Обладатель фигурки потрогал шляпу, словно желая лишний раз убедиться, что она на месте, глубоко и тягостно вздохнул и зауныв­но, будто древний сказитель, начал свое повествование.

— Вообще-то я человек нервный, и нервный я давно. Мое насто­ящее имя Коля, но знакомые называют меня Дзопиком. Так и гово­рят: «Как дела, Дзопик? Доброе утро, Дзопик».

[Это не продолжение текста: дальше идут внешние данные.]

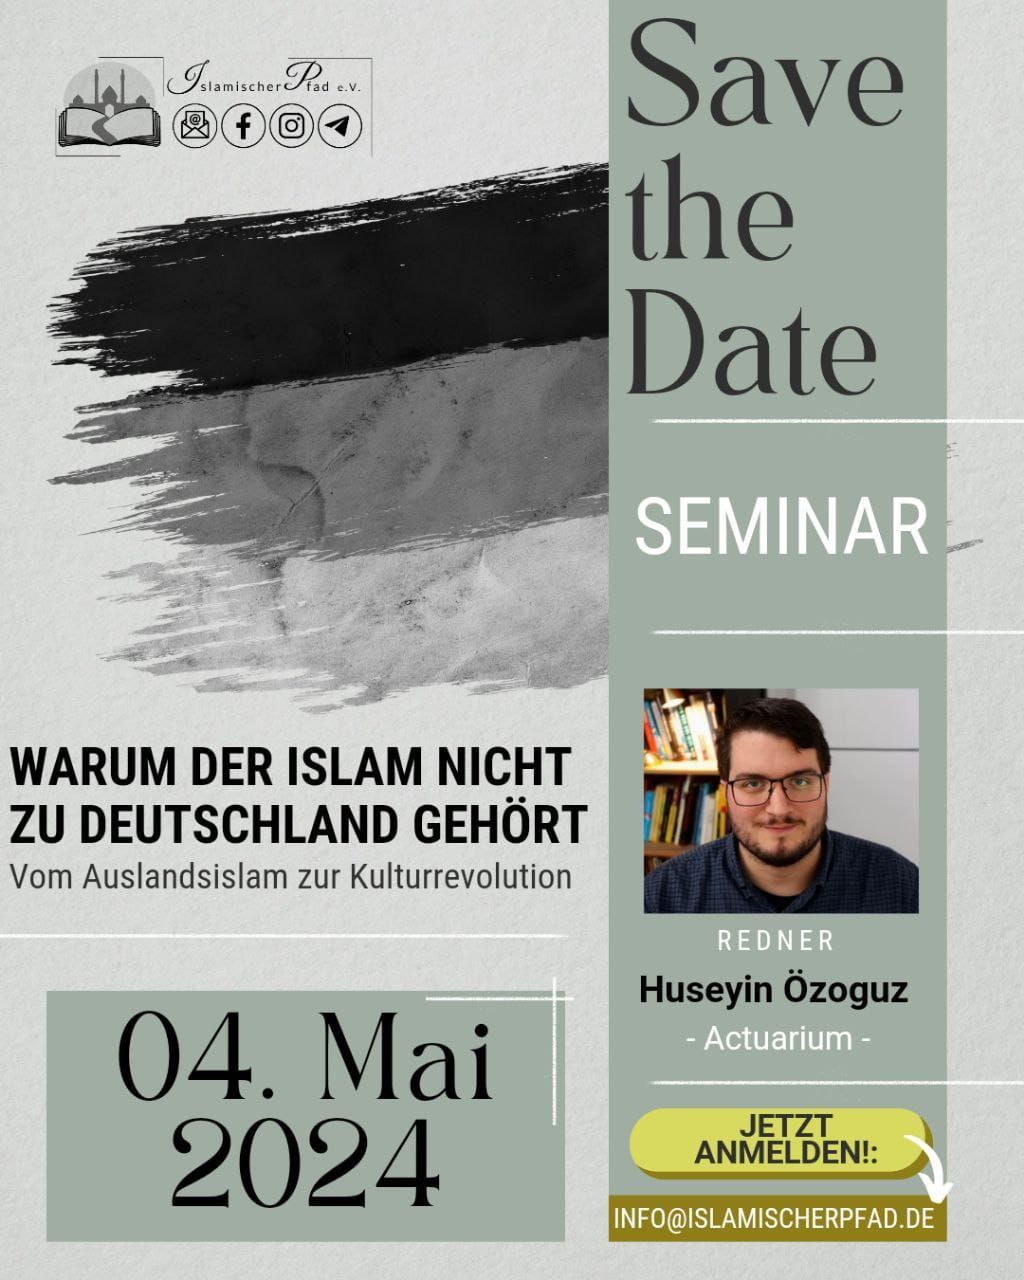 Seminar, "Warum der Islam nicht zu Deutschland gehört – Vom Auslandsislam zur Kulturrevolution"

Фигурка уныло понурилась и с некоторым надрывом в голосе вдруг воскликнула:

— О где то время, когда я был резвым розовощеким стручком, не страдал запорами и угрызениями совести! Теперь все прошло, ис­чезло бесследно, и я угрюм и зол, зол на себя и на все человечество. Женщины меня не любят, только соседка моя Сонечка, жилистая мегера, отдается мне за полпачки стирального порошка.

Лукин зябко повел плечами, уж слишком знакомыми ему пока­зались интонации Дзопика, но тот с монотонным самозабвением продолжал:

— Я одинок. Существование мое стереотипно. Ежедневно к вось­ми утра мчусь на работу, толкусь в транспорте, ехидно наступаю на ноги и исподтишка пихаю локтем в бок соседа.

На работе я марионетка, считаю, пишу, считаю, никем не замеча­емый и одинокий, как поплавок.

И все думаю, думаю про себя: почему, почему, почему? Почему я заброшенный, унылый, скучный, неудачливый, никем нелюбимый, и хочется крикнуть во всю глотку: люди, любите меня, пожалуйста, я ведь свой, тоже человек, ну пусть не человек, а человечек. Но я не кричал, а люди шли мимо и молчали.

И все это во мне копилось до поры до времени. Но в один пре­красный момент, исторический для меня момент, я решил: хватит! нельзя так жить. А как надо жить? Этого я не знал. Здесь-то и вышел конфуз моральный, нравственный тупик, так сказать. Но... меня осе­нило, да-да, именно осенило. Гениальная идея! Ура! Надо устроить скандал. Да вот только заминочка вышла. Что-что, а скандалы я ус­траивать не мастер. Хотя, постойте, постойте... есть выход... ну, ко­нечно, ах, как все гениальное просто. Надо напиться. Вот.

Я человек категорически непьющий был и никаким опытом в этом деле не обладал. Но напиться-то надо. Через дорогу от нашего дома — пивная. Ну что ж, вперед.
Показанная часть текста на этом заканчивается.